MACs function quite well with a flat 15* edge angle, and 50/50 symmetry. You can improve performance a little by thinning the knife to 10* along its entire length, then sharpening to 15* on both sides. A lot of people, me included, call this a 15*/10* double bevel. But so what. A mild asymmetry of around 60/40 will make the knife work a little better without compormising durability or your ability to use a hone.

Once you've resolved the chip issue, for heaven's sake don't be afraid to sharpen your MAC! Putting it off won't make it any easier and in the meantime you're missing quite a bit of what the knife has to offer. Furthermore, it's an easy knife to sharpen and good to learn on.

If you find benchstones too intimidating (you shouldn't), then get an EP or even a Chef's Choice Electric. _You need to be able to sharpen your own knife or find someone (who knows how to sharpen Japanese made knives without messing them up) to do it for you_.
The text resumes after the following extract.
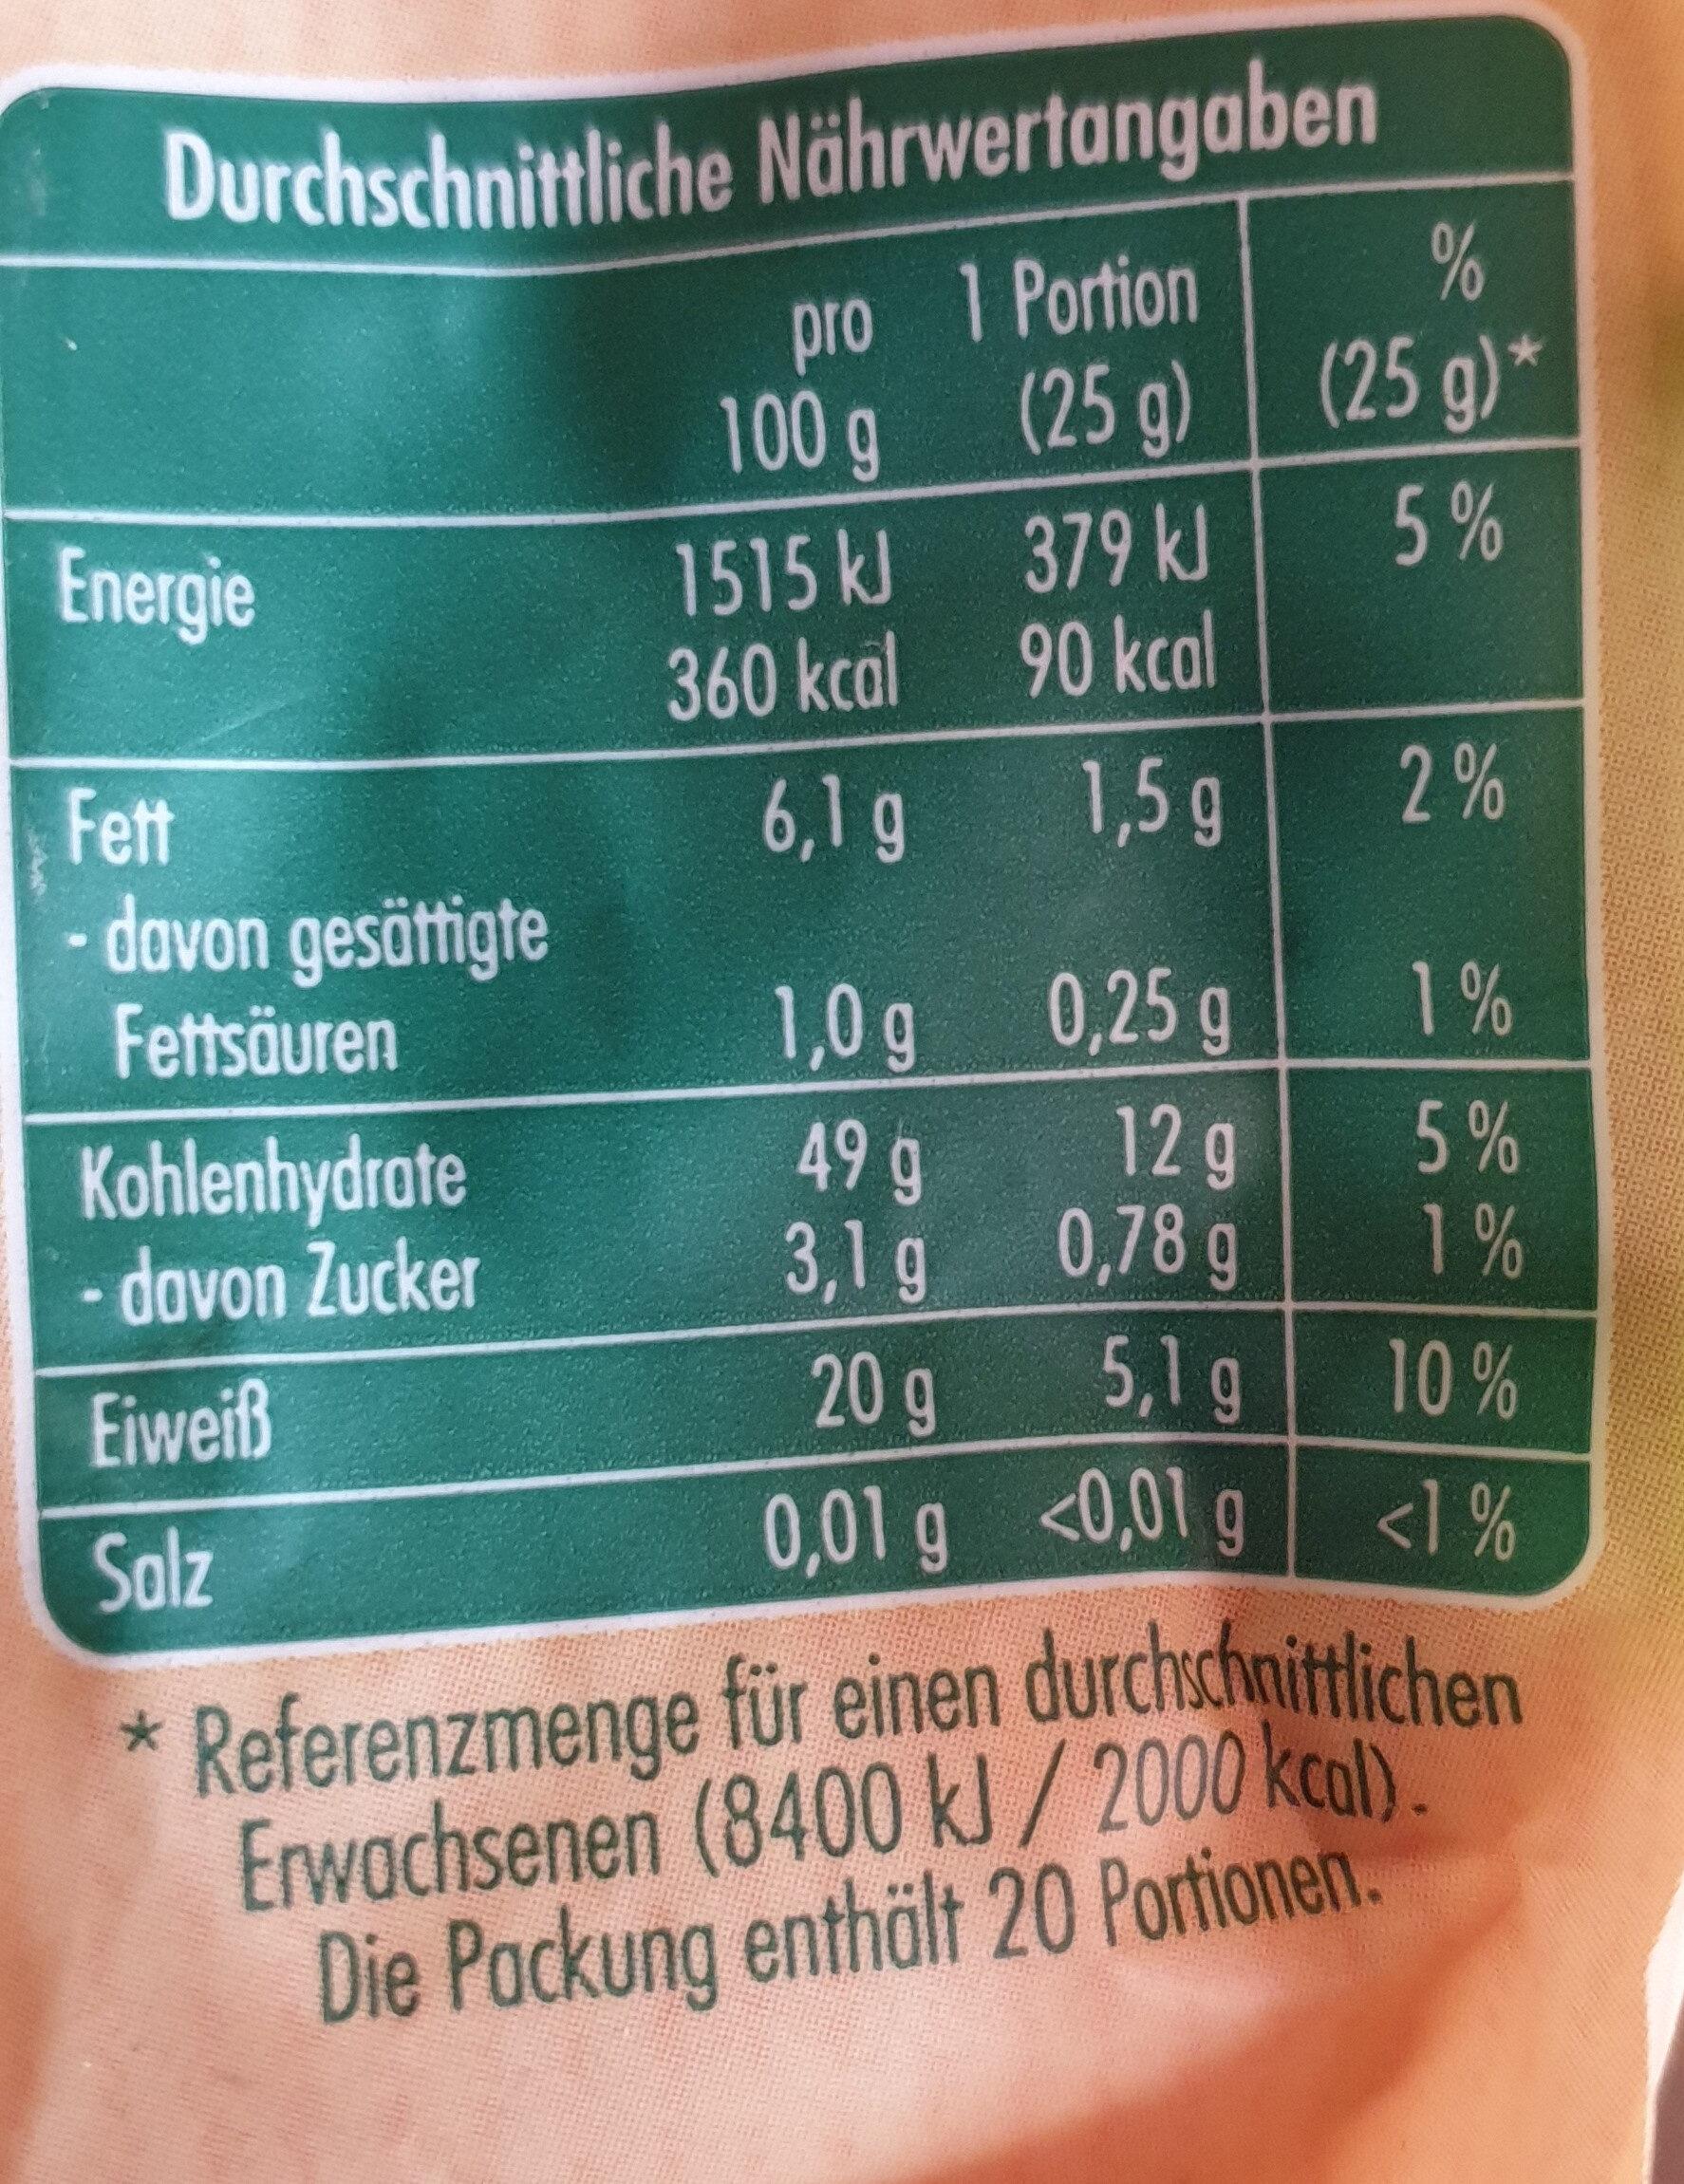 Kichererbsen Getrocknet / Pois chiches secs - Nutrition facts - de

Same on steeling. There's absolutely nothing to be afraid of. When it needs steeling, steel it. Some rods are more appropriate than others for a knife with as thin and hard an edge as a MAC; but anything no coarser than "fine" or "extra fine" will be just fine for the time being.

Your pal,

BDL


----------



## yogidog98 (Jul 27, 2010)

I've shipped it to MAC Knives, Inc.  They are going to try to grind out the nick in the spine.  Fingers crossed it comes back looking better.


----------



## throwintail1409 (Dec 25, 2010)

Interesting that my brand new and identical knife shares EXACTLY the same defect... Perhaps a run with the same error on the grind? It is very small but after looking at your pics I can see and feel it in the same spot.


----------



## racineboxer (Dec 12, 2010)

That's interesting, especially considered the original thread is 4 months old.

I'd contact MAC and see if they can remedy the situation. I personally would be really frustrated if I spent that much money on a knife and it had that type of fit/finish.



Throwintail1409 said:


> Interesting that my brand new and identical knife shares EXACTLY the same defect... Perhaps a run with the same error on the grind? It is very small but after looking at your pics I can see and feel it in the same spot.


----------



## boar_d_laze (Feb 13, 2008)

Too bad yogidog never posted the end of the story. 

By all means call MAC USA and see what they'll do about it.  If they want to grind the chip out, see if they'll ease the edges on the first 1-1/2" or so of spine as well. 

The alternative is to ease the edges on the spine yourself by holding the knife in a (padded) vise and using strips of sandpaper shoe-shine style. Easing the edges is something you'll want to do anway, something which should be done to all knives which aren't crowned at the factory.  In your case, you'll have to go far enough back on the knife to get the chip, which seems to be right at the intersection of bolster and blade.  It should take it down enough so that you can't feel it.

You might not feel the same way about "customizing" a new knife, and getting MAC to take care of the chip is not a bad idea. 

The good news, such as it is, is that MAC USA's customer service is a pleasure.

It's a great knife.  Use it in the best of health.

Merry Kwanzaa,

BDL


----------